Organizations leveraging AI for code generation are measurably outperforming their peers in project execution timelines. Engineering organizations employing AI-generated code are significantly more likely to beat expectations, with 38% reportedly ahead of their project schedules (2.1x more likely than organizations not using AI code generation). This discrepancy reflects AI's ability to automate foundational coding tasks, accelerate iteration cycles, and reduce delays caused by manual development bottlenecks.

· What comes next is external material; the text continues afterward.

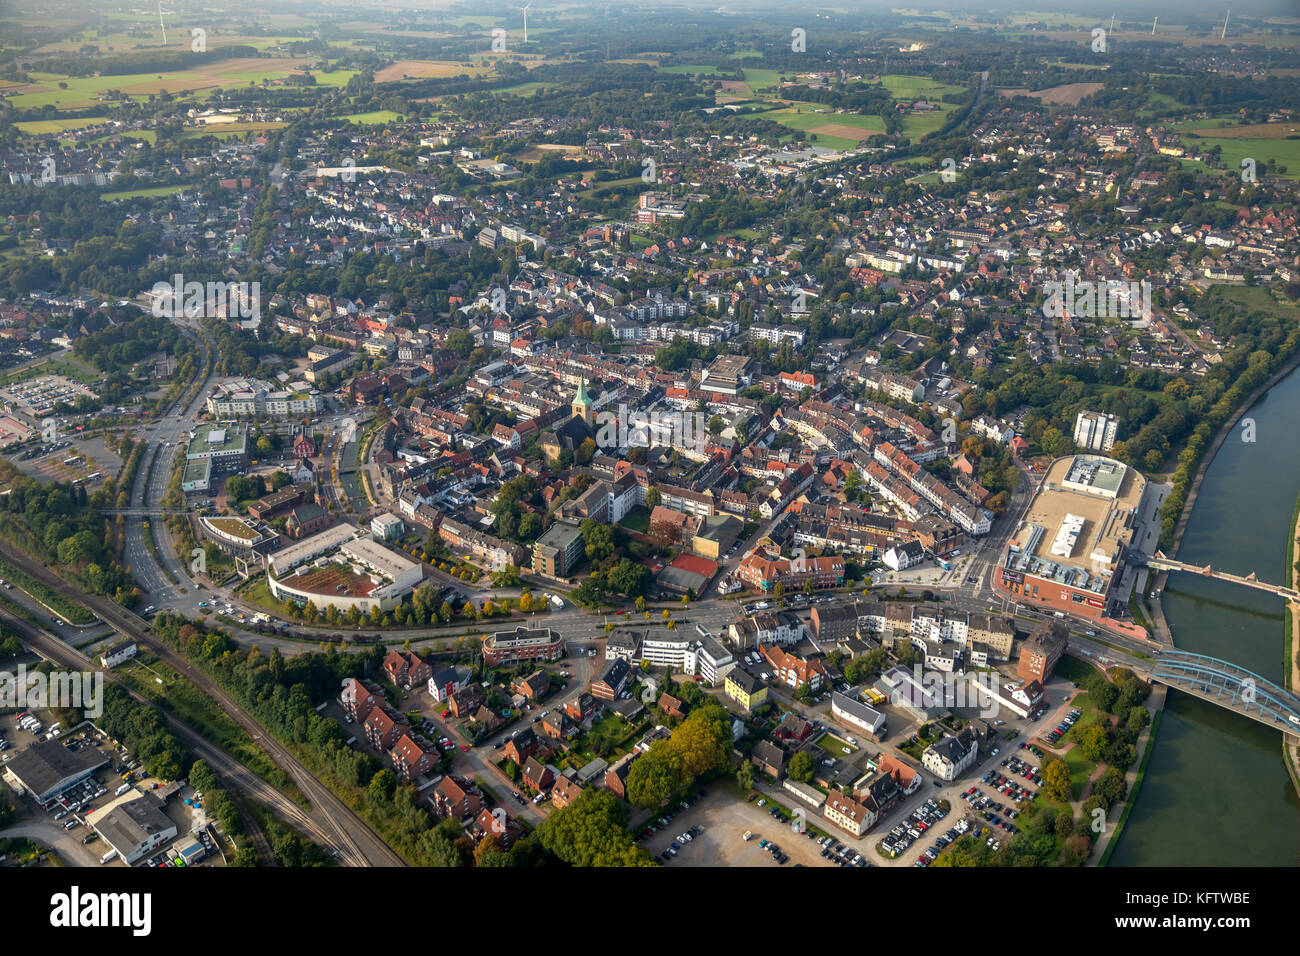 City center of Dorsten with shopping center Mercaden Dorsten, Dorsten, Ruhr area, North Rhine-Westphalia, Germany, Dorsten, Europe, aerial view, aeria Stock Photo

The sharp difference in three to six month delays (3.0% of AI users versus 10.9% of non-AI users) and overall reduction in delays among AI code users suggest that engineering organizations benefit from AI's ability to preempt errors and improve code reliability earlier in the lifecycle. AI code generation tools that generate boilerplate or repetitive code components allow engineers to focus on architecture, integration, and optimization, which are key elements for fueling product innovation and differentiation in traditional workflows. In edge AI contexts, where deployment environments are heterogeneous and performance tuning is critical, complex task automation (e.g., model integration or hardware abstraction) enables teams to compress development cycles and better align with shifting project requirements. AI-integrated software development strategies free up developers to work proactively on value-creating features. As a result, solution providers should position AI code generation not just as a developer aid, but as a catalyst for predictable, repeatable acceleration, which is especially compelling in embedded markets defined by deployment complexity and constrained engineering resources.